Pursey argued that the curated environment is a way to reach new audiences and this is an important part of the Sequential app (http://www.sequential.cc/) as, for some people, ‘comics shops and other mainstream comics platforms can seem like a closed world and they don’t know how to break into it’. Walsh stated that London-based comics books shop Gosh! is unlikely to offer a category as specialised as Graphic Medicine: ‘While we stock books on those subjects we would never bother to subdivide sections that thoroughly. It just creates more work than it creates sales.’
Rigby suggested that similar works are grouped together at Nottingham-based shop Page 45, but it’s not always a clear distinction where an individual book belongs: ‘Take something like Persepolis [Satrapi 2003] – would you put it in an autobiographical section, or would you put it in politics?’
2.2 Interactions with Academic and Health Institutions
At the time the interview took place, Williams was working in cooperation with Penn State University Press to produce a series of Graphic Medicine publications, including the first volume in the series, titled The Graphic Medicine Manifesto (Czerwiec et al 2015). Williams stated that editor-in-chief Boileau ‘is really keen to get it into the mainstream as well – not just into academic shops, to get it into normal bookshops and comic shops’. Publishing house Jonathan Cape does not directly market to academia to any great extent, although Bowler believed academics are still being reached: ‘what’s most effective is, you get the biggest noise you can on a launch through mainstream broadcast and print media, and that percolates.’
According to Pearlman, Myriad does undertake some academia-focused marketing and the publisher does ‘try and promote specifically to relevant academics’ but awareness of the academic landscape is a problem: ‘Academic marketing is something that definitely needs to be worked on within our own organisation, and authors who aren’t part of the academic circuit need to be introduced to the academic departments that would be interested in their work.’
Arthur stated that coverage of Nobrow’s Neurocomic had been limited in the UK academic press: ‘I think we had a mention in Nature [Kiser 2013] and also The Lancet [Cantor 2014]. We have had quite a bit of interest from scientific and academic publishers around the world and Neurocomic is now available in around 10 languages…’
L.B. Lee stated that academic and professional interest in their work had been limited: ‘The only educational institution who’s had much interest in our work are zine libraries, who take an interest in radical mental health.’ They could see a potential method of their comics reaching more mental health professionals and academics but costs remained a barrier: ‘cons [conventions] and institutions are intended for doctors and people with money, not us. Some require academic certification, which we don’t have. The sheer cost of going has precluded us from going.’
Both retailer participants in this project offer services to libraries although neither had any interaction with higher-education institutions. Walsh, from Gosh!, stated that all the shop’s ‘library orders come from local authorities for high street libraries’. He had ‘presented to librarians recently on comics suitable for teens but, again, that was for a local authority rather than an educational institution’.

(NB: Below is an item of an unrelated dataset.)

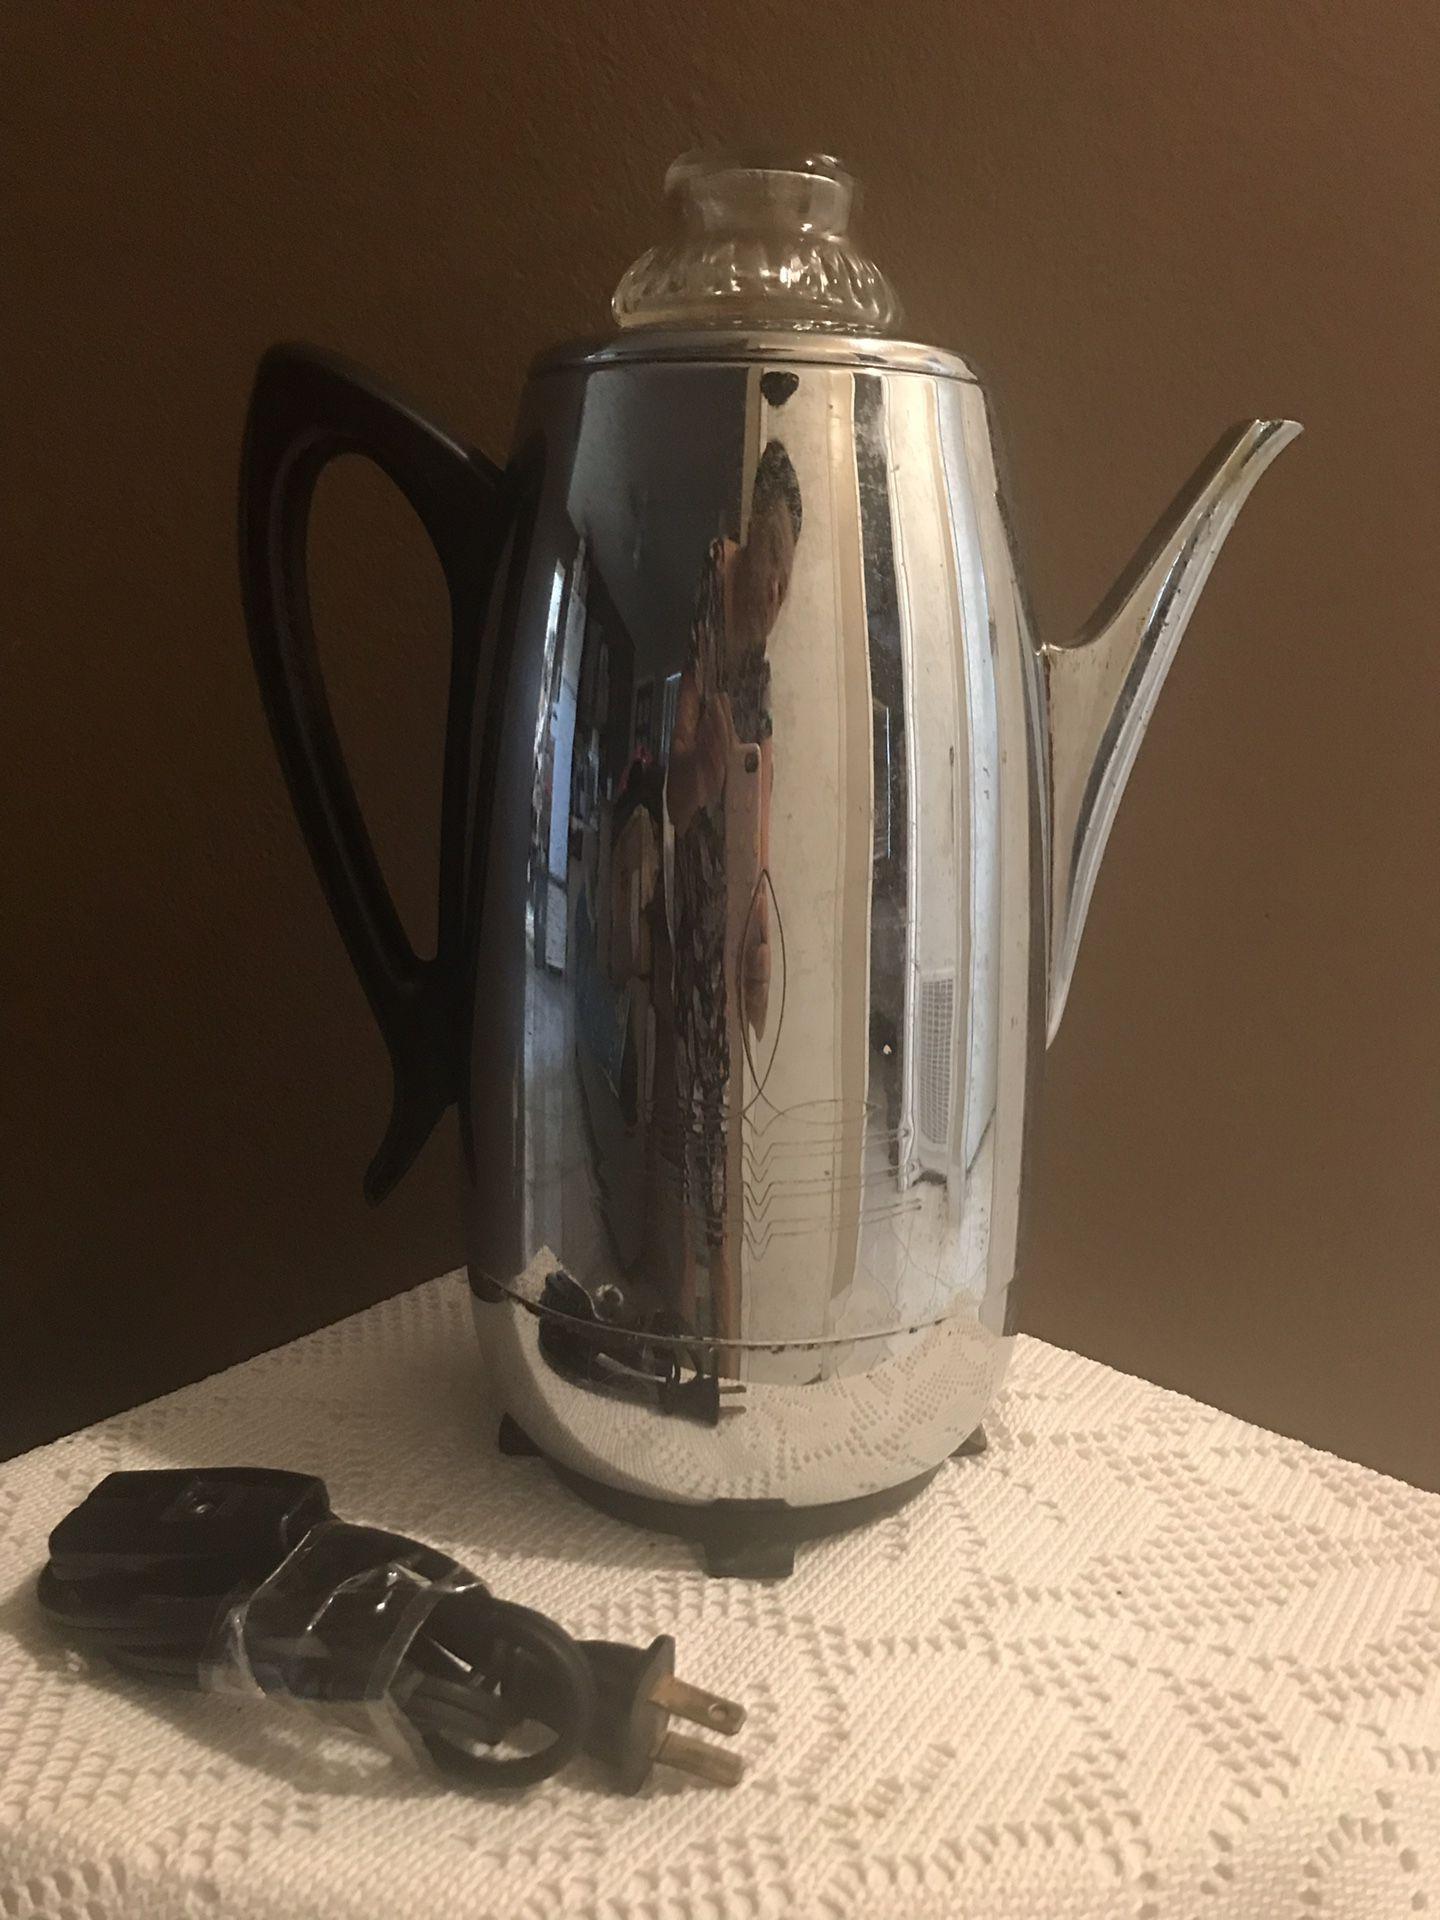 Used coffee maker

Rigby told how of how public library orders had dried up in recent years and speculated that budget cuts might be the cause, although Page 45 does have customers for its library service. Rigby recalled attempts to engage with higher-education institutions but with little response. Wider misconceptions surrounding comics were described by Rigby as a possible explanation for the lack of interest from academia:
…just immediately after World War Two, where superheroes became so popular – they subsumed the comics’ medium, from the public perception…. So it’s not necessarily a barrier that’s set within higher education. I think it’s just that it’s equally as prevalent there as it is among the public at large…. So I think it almost needs to come the other way really, from those within higher education, who have an interest in the medium, promoting it to their colleagues.
Bloomfield reported her comics work had been received negatively by some fellow professionals in mental health and Burrowes argued that any scepticism towards her illustrated work is misplaced and could be resolved with exposure. Burrowes saw her work as part of wider professional imperative for making treatment as accessible as possible and believed this should be more widely adopted by researchers and professionals.

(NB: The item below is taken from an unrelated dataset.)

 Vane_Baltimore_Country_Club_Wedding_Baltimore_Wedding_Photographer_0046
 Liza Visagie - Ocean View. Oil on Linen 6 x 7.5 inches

Walsh believed there is evidence of a shift in academic perception already happening:
The traditional view of comics as not being of academic worth is the biggest barrier but this seems to be improving all the time. The more comics are accepted, the more publishers are willing to invest in comics that are of value to academics, which in turn leads to comics becoming more accepted. It’s a virtuous circle!

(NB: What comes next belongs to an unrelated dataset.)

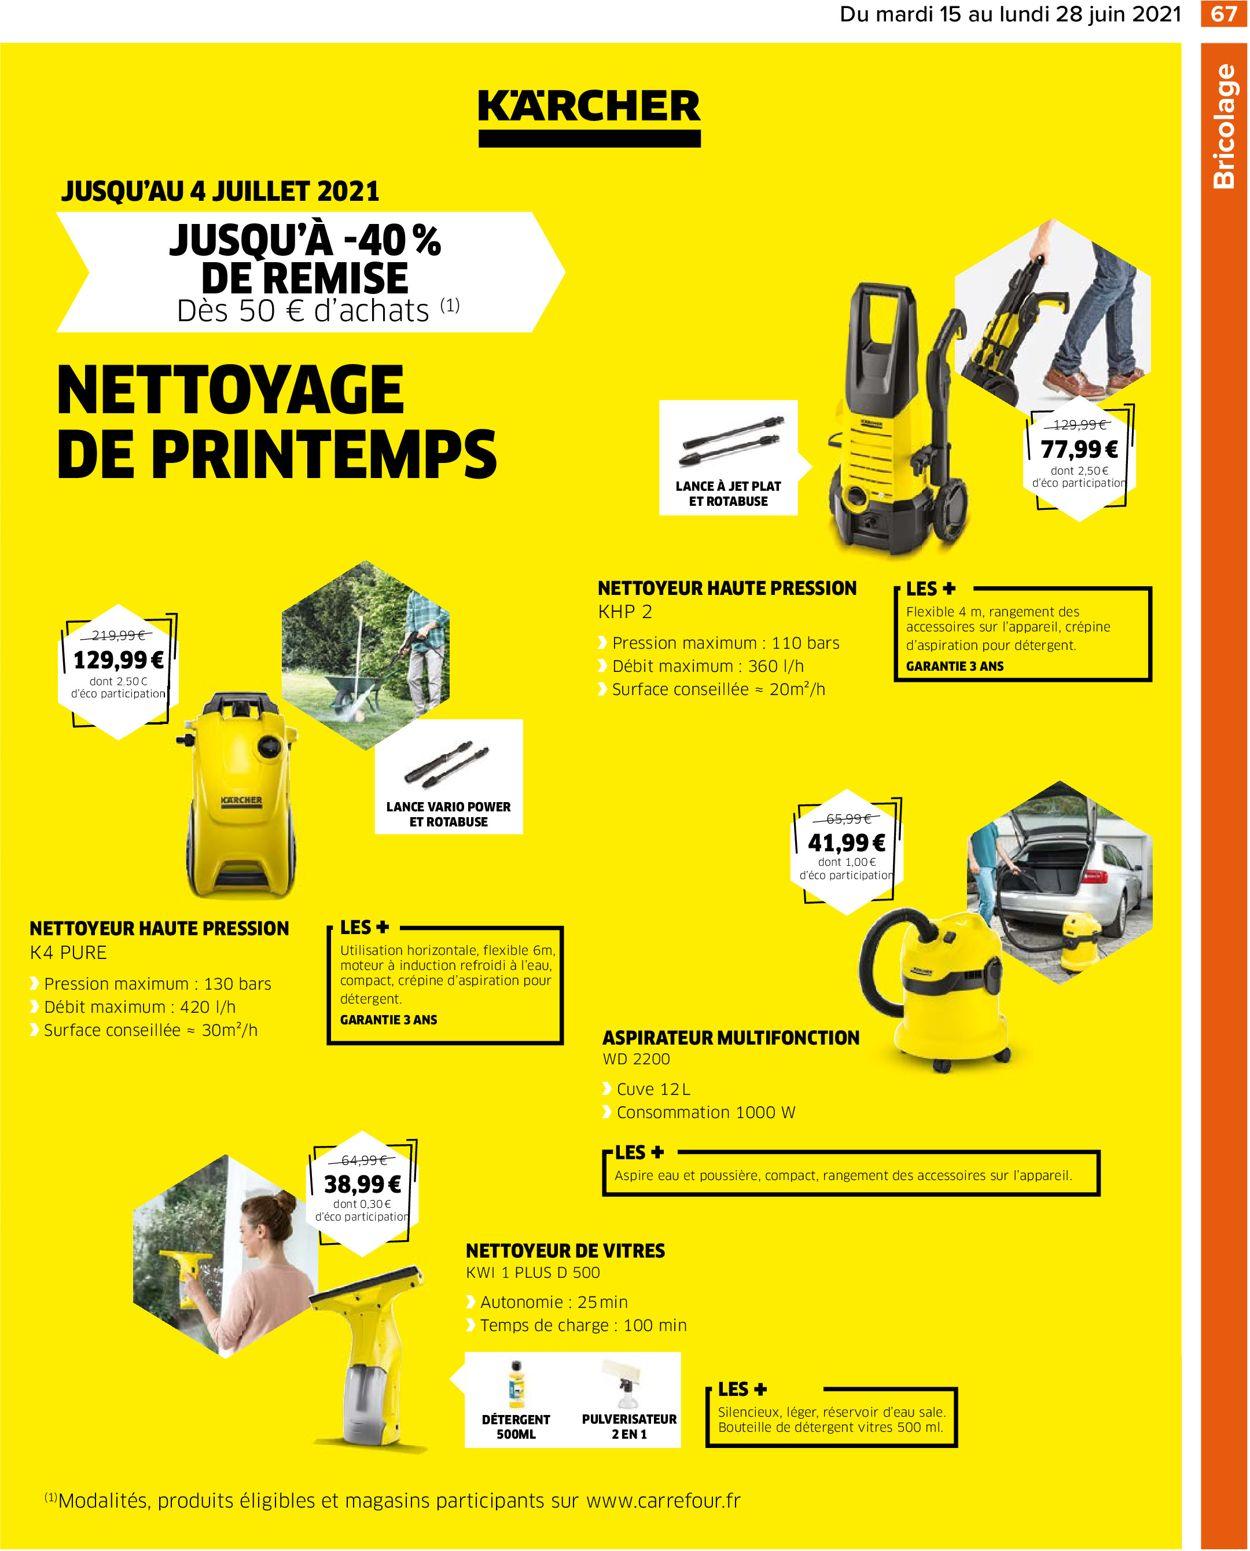 Carrefour Catalogue - 15.06-28.06.2021 (Page 72)

Lowther from the Wellcome Library recounted an example of his institution interacting with a comics retailer via a presentation he made at Gosh!, helping create awareness of the Wellcome Trust within attendants belonging to the comics community.
Barker has not yet used comics much in her teaching work at the Open University, but said ‘we do use cartoons quite a lot, more in a breaking up the text and illustrating things humorously kind of way’. She suggested that part of the reason for the lack of use of comics in teaching psychology could be that their pedagogical function may not immediately be obvious: ‘…maybe part of the problem was because I was classifying quite a small, narrow band of comics as mental health comics, because if you think about it, a comic like Maus [Spiegelman 1986] is actually about mental health in its broader sense – it is about the effect of trauma through generations’. Barker did state that she could now see the possible application of comics in teaching, particularly memoirs.
Several participants stated that books they’d been involved with had been used in academic or training contexts. Bowler did not believe any Jonathan Cape titles had been used ‘as teaching guides’ but were more likely to be ‘a text to study’. He added that texts becoming adopted on reading lists ‘can be extremely lucrative’.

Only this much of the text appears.